Three Months Ended
EX-4.1 2 g16003exv4w1.htm EX-4.1 EX-4.1
Exhibit 4.1
FIRST AMENDMENT TO CREDIT AGREEMENT
THIS FIRST AMENDMENT TO CREDIT AGREEMENT dated as of July 29, 2008 (the Amendment) is entered into among EMS Technologies, Inc., a Georgia corporation (EMS), EMS Technologies Canada, Ltd., a Canadian federal corporation (the Canadian Borrower; together with EMS, the Borrowers), the Guarantors, the Lenders party hereto, Bank of America, National Association, as Domestic Administrative Agent and Domestic L/C Issuer and Bank of America, National Association, acting through its Canada branch, as Canadian Administrative Agent and Canadian L/C Issuer. All capitalized terms used herein and not otherwise defined herein shall have the meanings given to such terms in the Credit Agreement (as defined below).
RECITALS
WHEREAS, the Borrowers, the Guarantors, the Lenders, Bank of America, National Association, as Domestic Administrative Agent and Domestic L/C Issuer and Bank of America, National Association, acting through its Canada branch, as Canadian Administrative Agent and Canadian L/C Issuer entered into that certain Credit Agreement dated as of February 29, 2008 (as amended or modified from time to time, the Credit Agreement); and
WHEREAS, EMS has requested that the Lenders amend the Credit Agreement as set forth below;
NOW, THEREFORE, in consideration of the premises and the mutual covenants contained herein, and for other good and valuable consideration, the receipt and sufficiency of which are hereby acknowledged, the parties hereto agree as follows:
1. Amendments. The Credit Agreement is hereby amended as follows:
(a) The following definition is hereby added to Section 1.01 of the Credit Agreement to read as follows:
First Amendment Effective Date means July 29, 2008.

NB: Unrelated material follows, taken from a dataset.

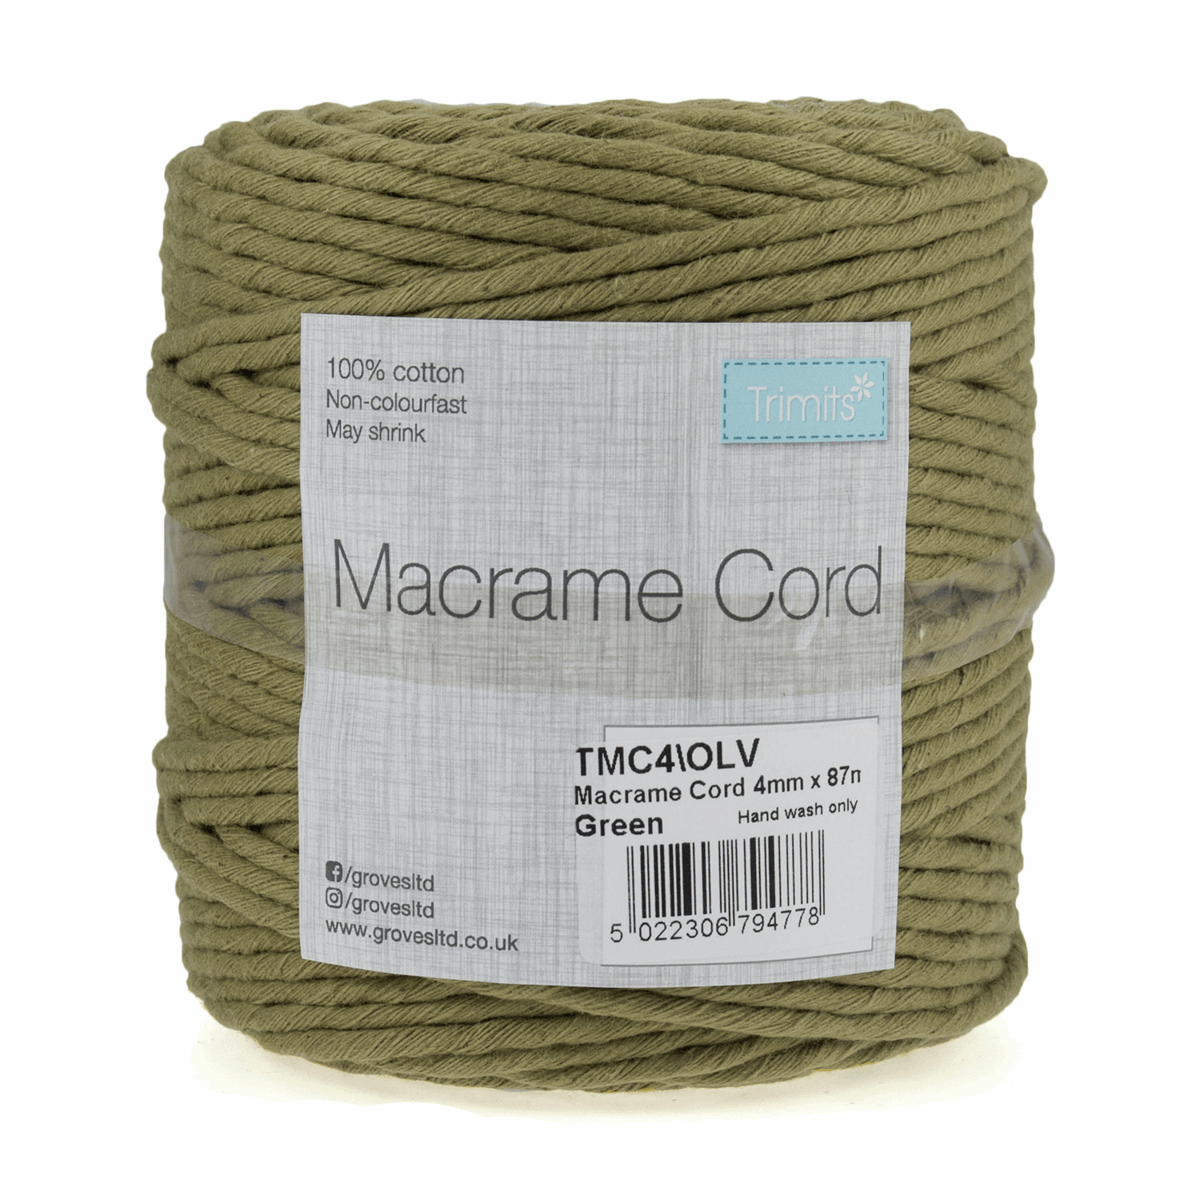 Olive Macrame Cord - 87m x 4mm

(b) Clause (iv) in the definition of Consolidated Fixed Charges in Section 1.01 of the Credit Agreement is hereby amended to read as follows:
(iv) payments made with respect to the purchase, redemption, retirement, defeasance or other acquisition of capital stock, options, warrants and related instruments of EMS (other than the repurchases of common stock by EMS permitted by Section 8.06(e)), made or paid during such Test Period, all as determined in accordance with GAAP.
(c) The second clause (c) in Section 6.05 of the Credit Agreement is hereby re-lettered to be clause (d) of Section 6.05.
(d) Section 8.06 of the Credit Agreement is hereby amended by deleting the period at the end of subclause (d) thereof, inserting the following text ; and in replacement thereof and adding a new subclause (e) at the end thereof which shall read as follows:
(e) so long as no Default or Event of Default then exists or would result therefrom, EMS may repurchase shares of its own common stock during the 365-day period immediately following the First Amendment Effective Date; provided, that the aggregate amount paid or expended in connection therewith shall not exceed $20,000,000.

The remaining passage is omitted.